The U.S. Department of Agriculture considers Southeast Raleigh a food desert, where residents have little or no access to nutritious foods.
“Because there is a community of people with nothing here for us, we have to create it for ourselves, and I want to be a part of that,” said Balogun, a Fertile Ground board member whose parents owned a grocery co-op in her hometown near White Plains, N.Y. “It comes all the way back around. I didn’t know this would happen, but I had to find something to save our community.”
Fertile Ground, which held its first membership campaign in July 2014, has passed the half-way mark to its goal of at least 500 members who pay $100 each. Now the group is scouting for a permanent place to call home.
This is something we can do, something we can make ours.
Demetrius Hunter, board member for Fertile Ground
“The progress is phenomenal,” said project leader Janet Howard, noting that the group added 40 new members at its June 1 meeting. “We’re feeling good about it.”
The farmers market showcases Fertile Ground’s vision for its grocery store: While farmers sell fresh fruits and vegetables, entrepreneurs will share products and services, and experts will teach free, hour-long classes on everything from hydroponics and natural hair care to healthy cooking.

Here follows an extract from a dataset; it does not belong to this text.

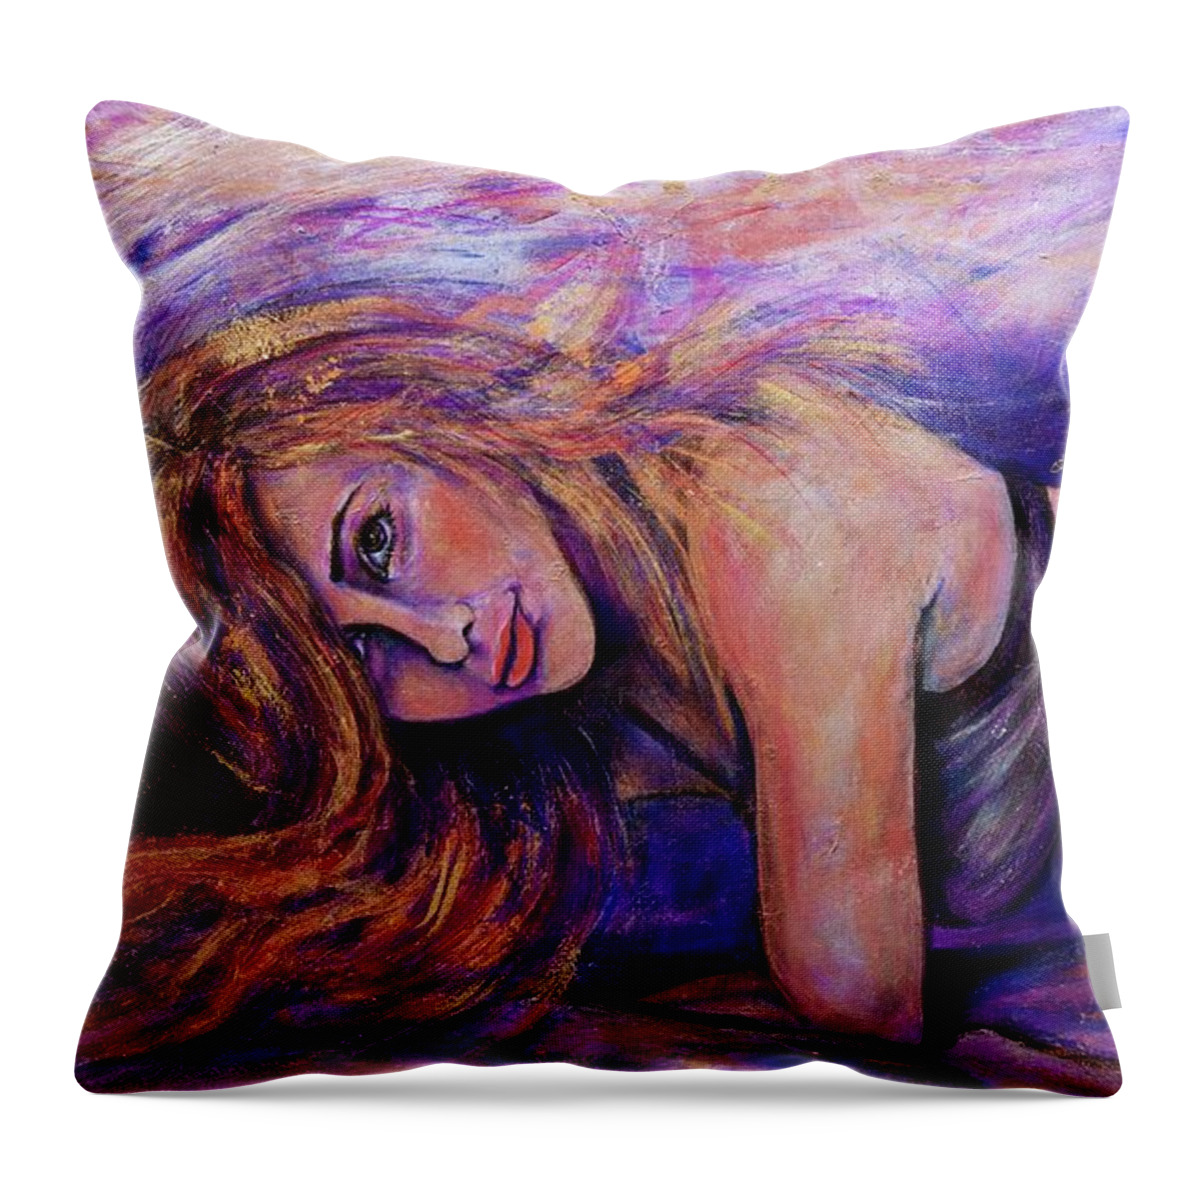 Precious Metals Throw Pillow featuring the painting Precious Metals X by Debi Starr

“It won’t be a typical grocery store, and we won’t duplicate co-ops in richer neighborhoods,” said Demetrius Hunter, who resumed his father’s Grocers on Wheels mobile delivery and curbside market in 2012 to help ease the local food-desert crisis. He has since partnered with Fertile Ground as a vendor and board member.
“We will meet people where they are and find partners and resources to make things work, according to what we enjoy,” Hunter said. “If we don’t, people will come in and take over, just like gentrification. This is something we can do, something we can make ours.”

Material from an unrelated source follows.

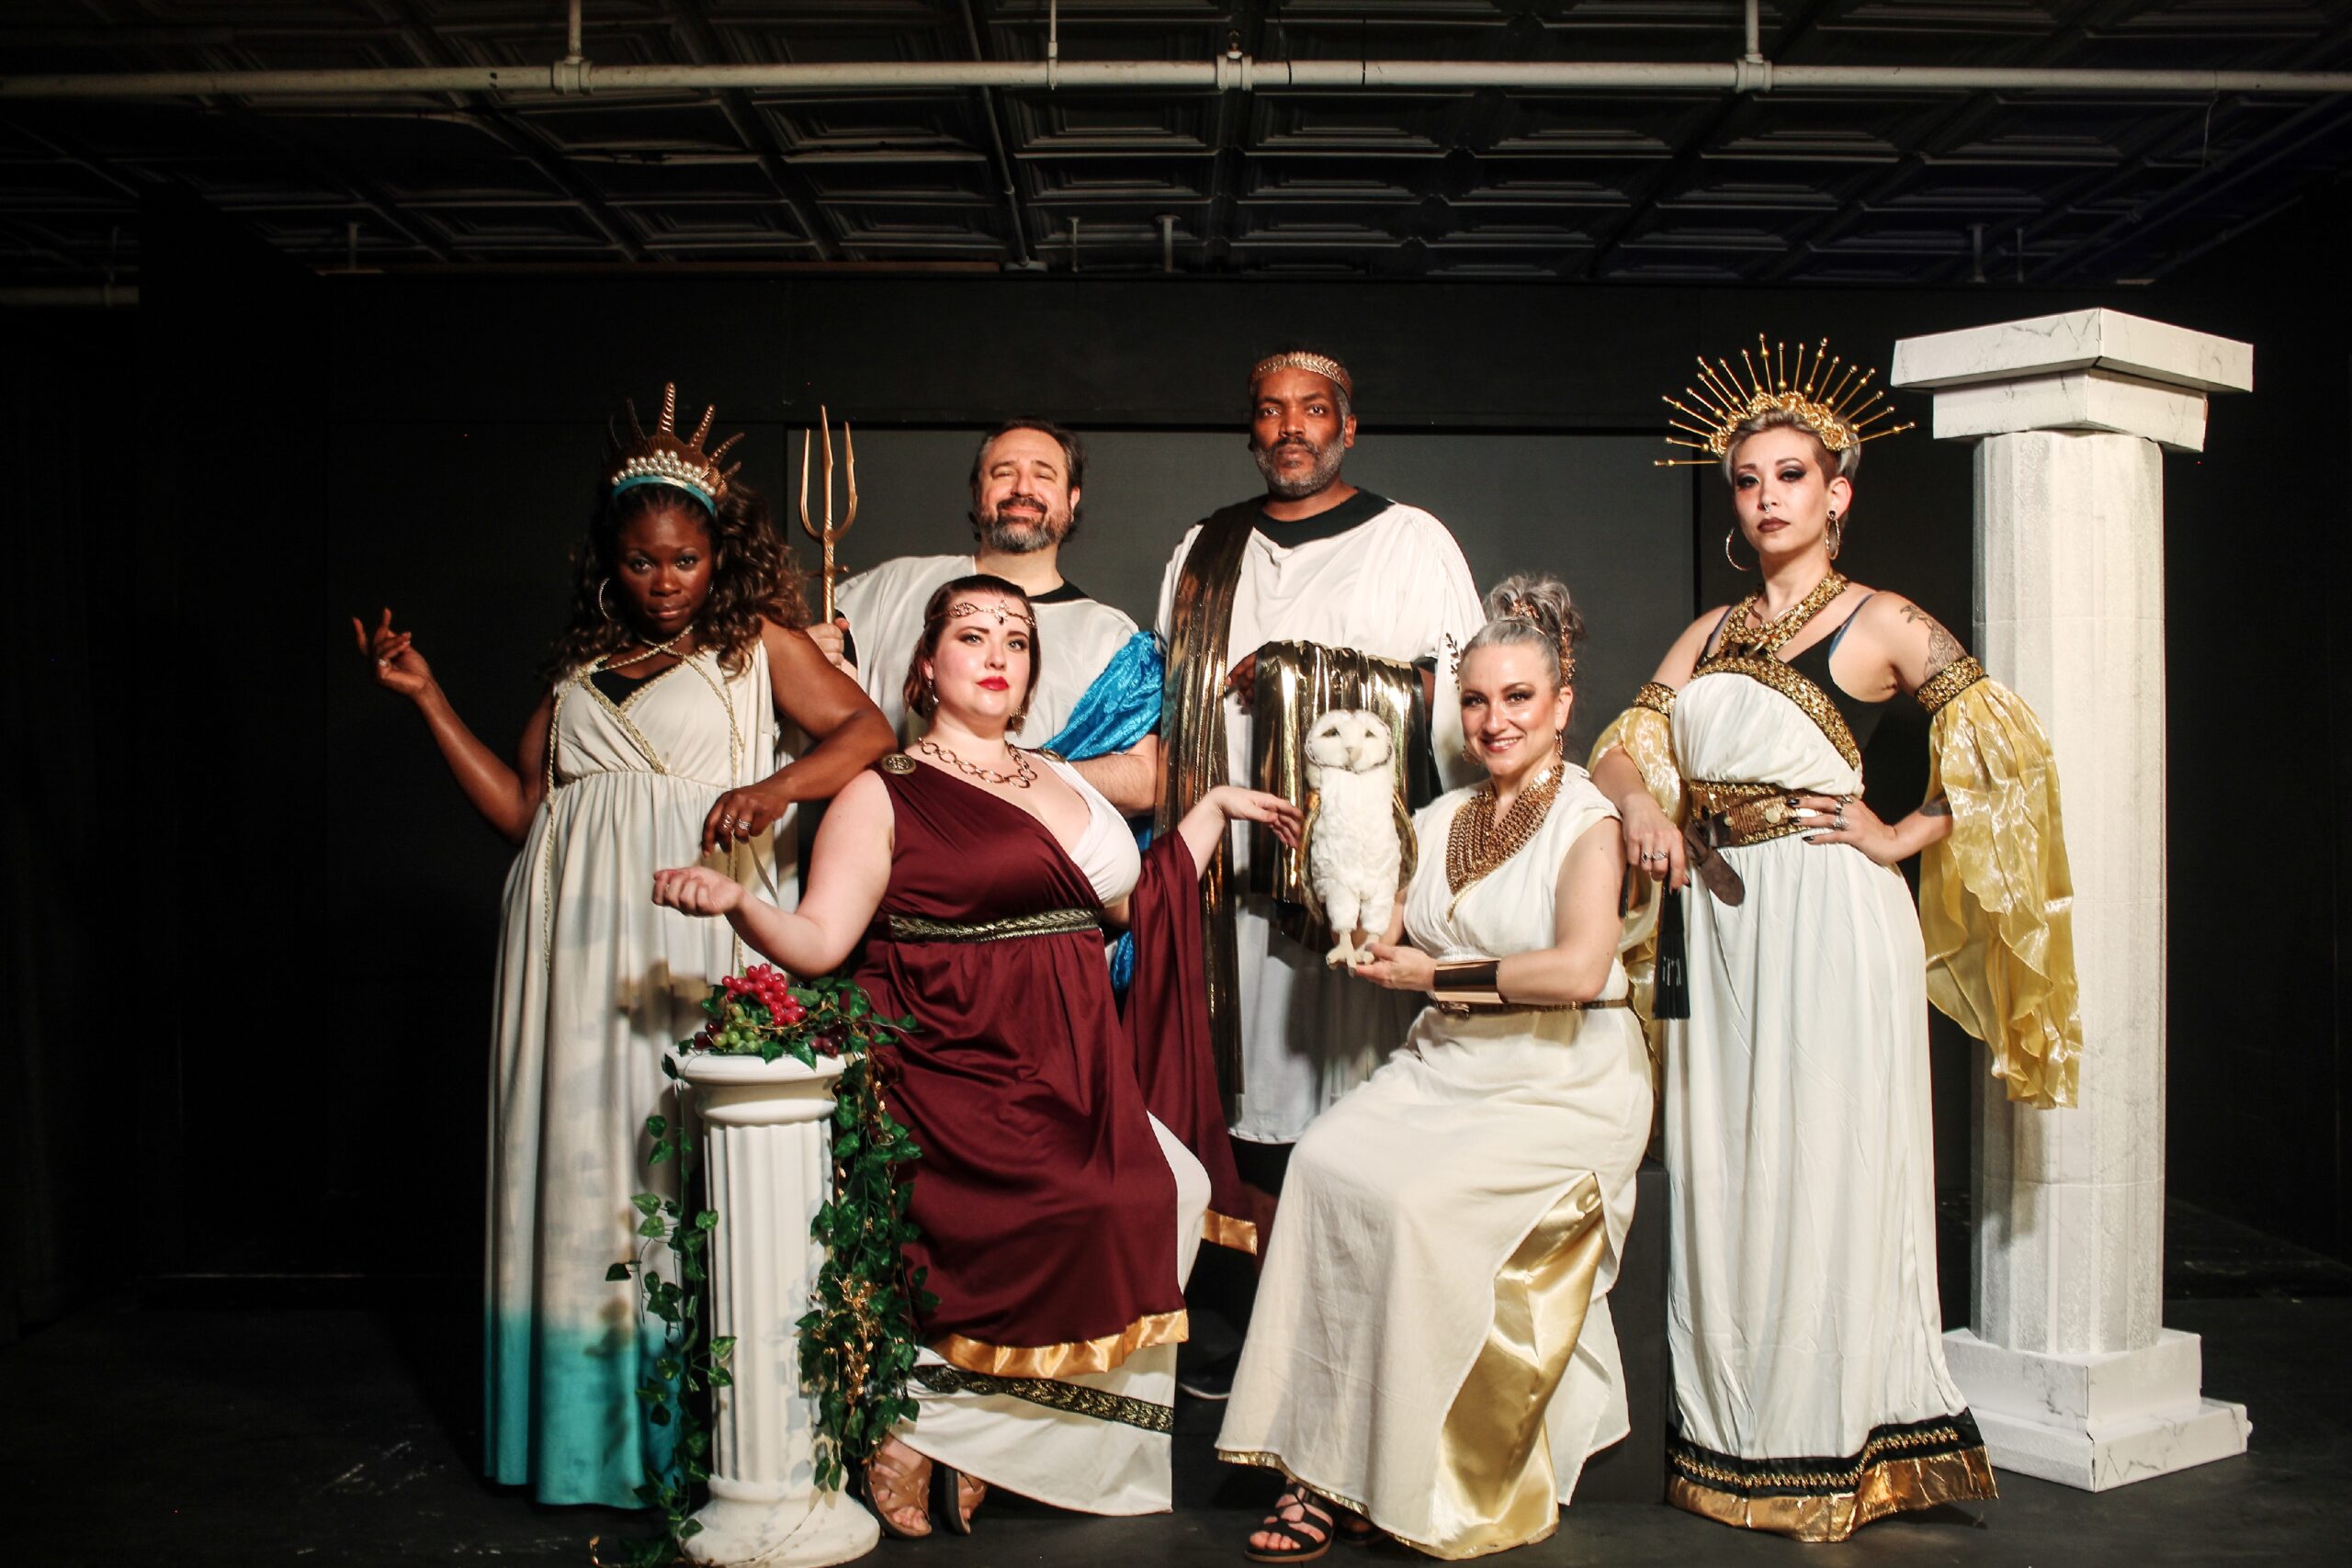 High-Spirited Cast Makes 'Clash Of The Titans' Parody A Jolly Time

Money from produce sales will go to the farmers, Hunter said. All other sales go into the store’s coffers.
Advocates of grocery co-ops say the projects can improve economic conditions and provide jobs.
But there are challenges, said Carmen Jules, general manager of the NuWaters Co-op in Houston who advises up-and-coming food co-ops. Success can depend on community education, fundraising and collective responsibility.
“It’s a wonderful undertaking, but it’s a struggle,” Jules said. “They’ll have some major obstacles, but it can work.”
Food co-ops flourished in the 1970s and ’80s but saw years of decline, said Stuart Reid, executive director of the Food Co-op Initiative, which assists start-ups across the country. They made a comeback about a decade ago.
They don’t know what to make of it, so they’ll have to be educated.
Stuart Reid, executive director of the Food Co-op Initiative
In the past two years, Reid said, inquiries have surged from urban, low-income, food-desert communities – many of them with a large population of minority residents, like Southeast Raleigh.
This summer, Reid plans to visit Fertile Ground. He said it will be important to inform people in Raleigh about co-ops.
“Gatekeepers are not familiar enough to understand the benefit co-ops can bring the community,” Reid said. “They don’t know what to make of it, so they’ll have to be educated.
“Their impact can be pretty dramatic,” he said of co-ops. “It’s more than just a shopping experience. A lot of little things add up to a pretty big picture.”